PR agencies score highly with clients in Asia in terms of trust and value, but that isn’t necessarily reflected in how much money those clients are prepared to spend with them in future, new research shows.

A study by Ipsos for Campaign Asia-Pacific surveyed more than 110 executives from PR agencies, in-house communicators and marketers and found a 72% trust rating for PR agencies among clients and a 49% rating for value – both figures well ahead of any other types of agency they might use.

Crisis management specialists returned a 66% score, but that’s pretty much a core function of most PR agencies anyway; after that came agencies focused on digital (56%), social media (54%), marketing (54%), advertising (52%), media (52%), consultancy (46%) and finally content (44%).

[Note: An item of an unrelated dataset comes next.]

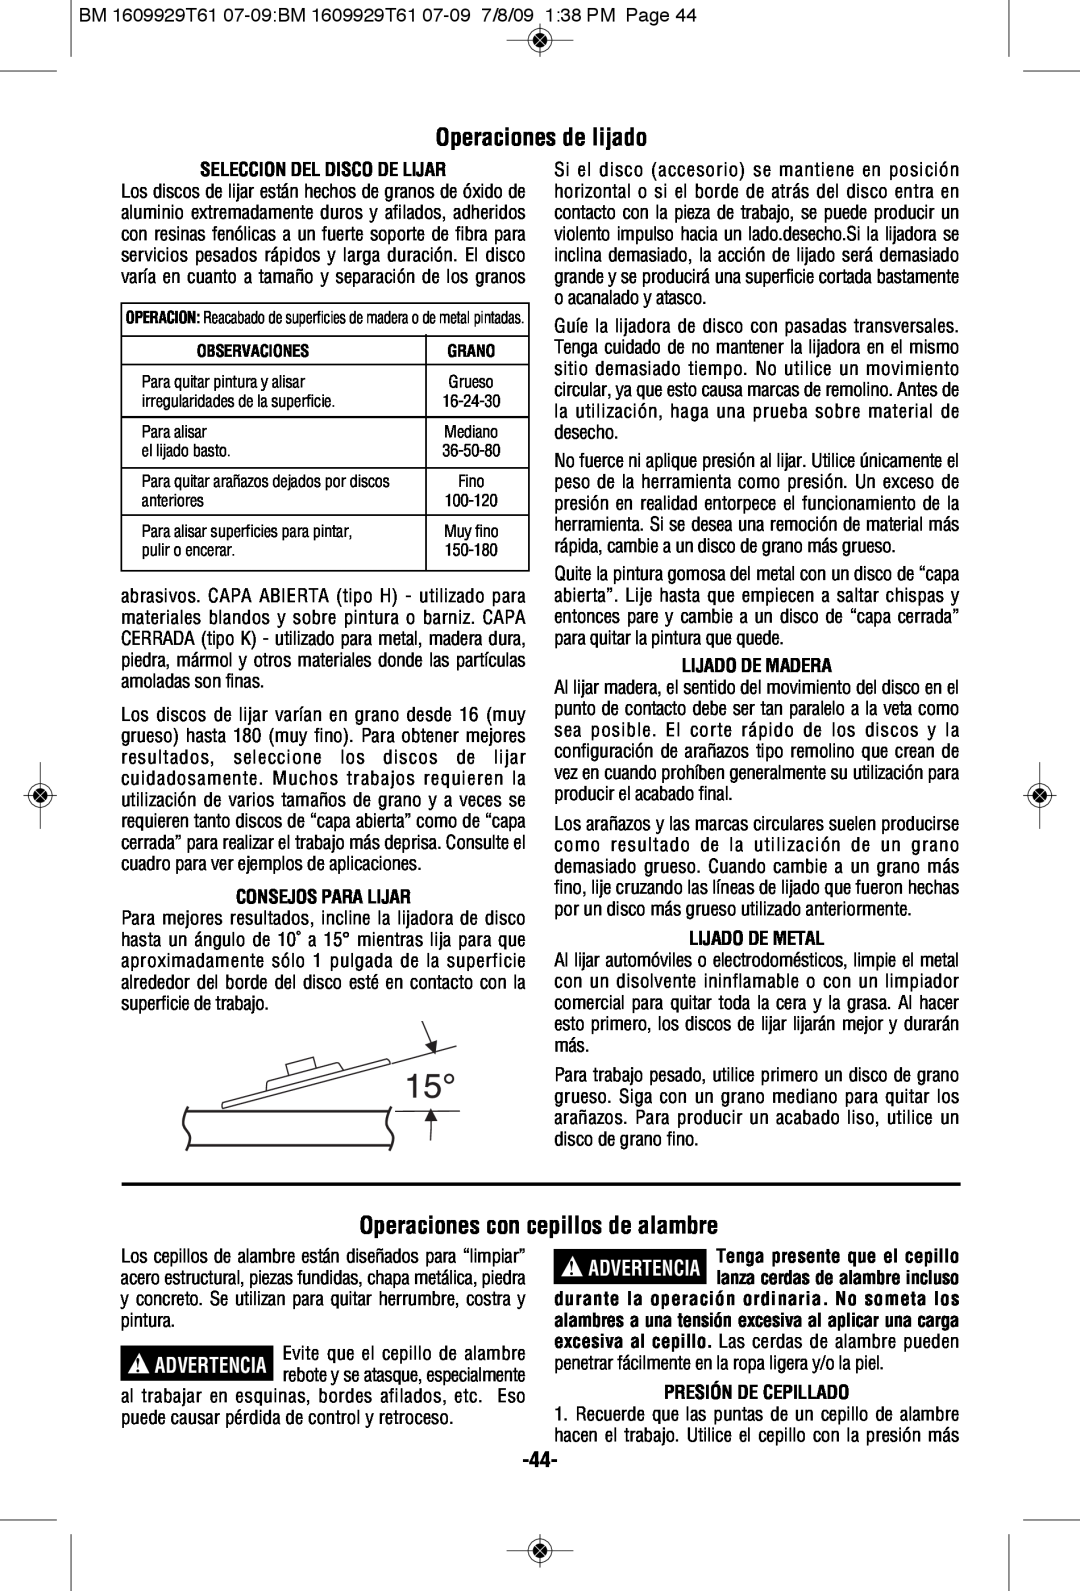 Bosch Power Tools 1994-6, 1974-8 Operaciones de lijado, Operaciones con cepillos de alambre, Seleccion Del Disco De Lijar 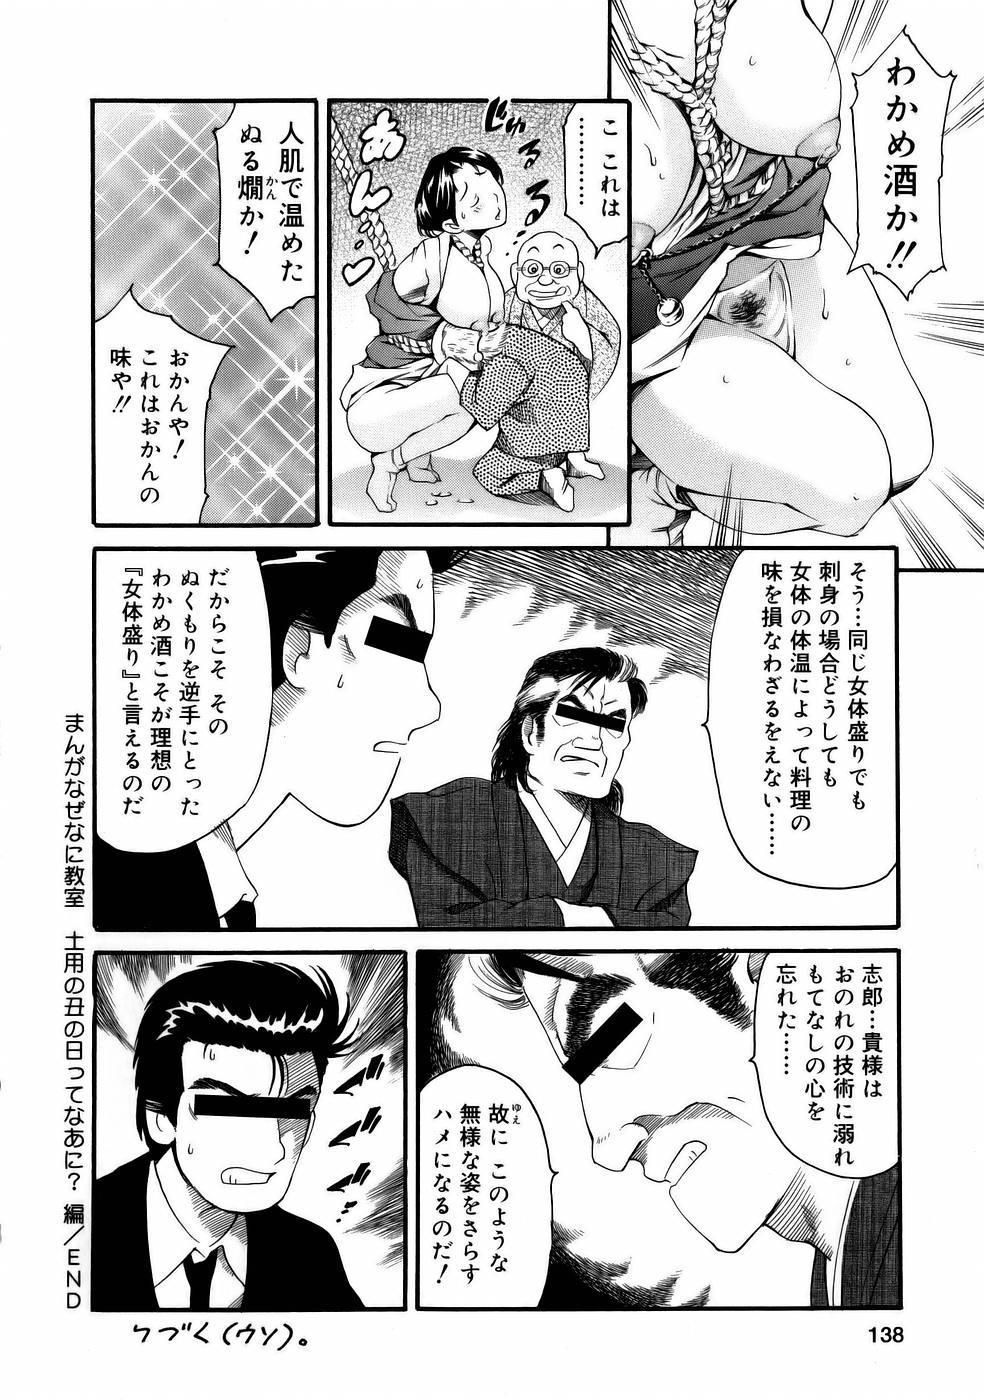 Manga Naze Nani Kyoushitsu 139

The gaps were even more pronounced in terms of how much value clients thought agencies added to their business: PR’s 49% stood head and shoulders above the 25% score of advertising and the 22% of digital; then there was social (15%), marketing (14%) media (13%), crisis management (12%), consultancy (8%) and content (0%).

And while 68% of clients had used a PR agency and 57% had increased investment there over the past decade, rather fewer were committed to doing so in future; just 38% said they planned to increase investment next year while 11% indicated they would decrease spending.

PR agencies themselves were more gloomy, with 45% saying they’d seen increased investment during the past ten years and one in five anticipating a decrease in spending in 2020.

One reason for this disparity, Campaign Asia-Pacific suggested, may be a “chasm” between how PR agencies and brands think the former have evolved and diversified: there’s a 35 percentage point gap between the two sides as regards speed of evolution and a 26 percentage point gap on ‘diversified as expected’.

A glaring example: agencies see social media management as one of the least important services they provide; clients rate this in their top three. And in a related finding, there appears to be scope for PR agencies to tap into increased investment by clients in influencer marketing.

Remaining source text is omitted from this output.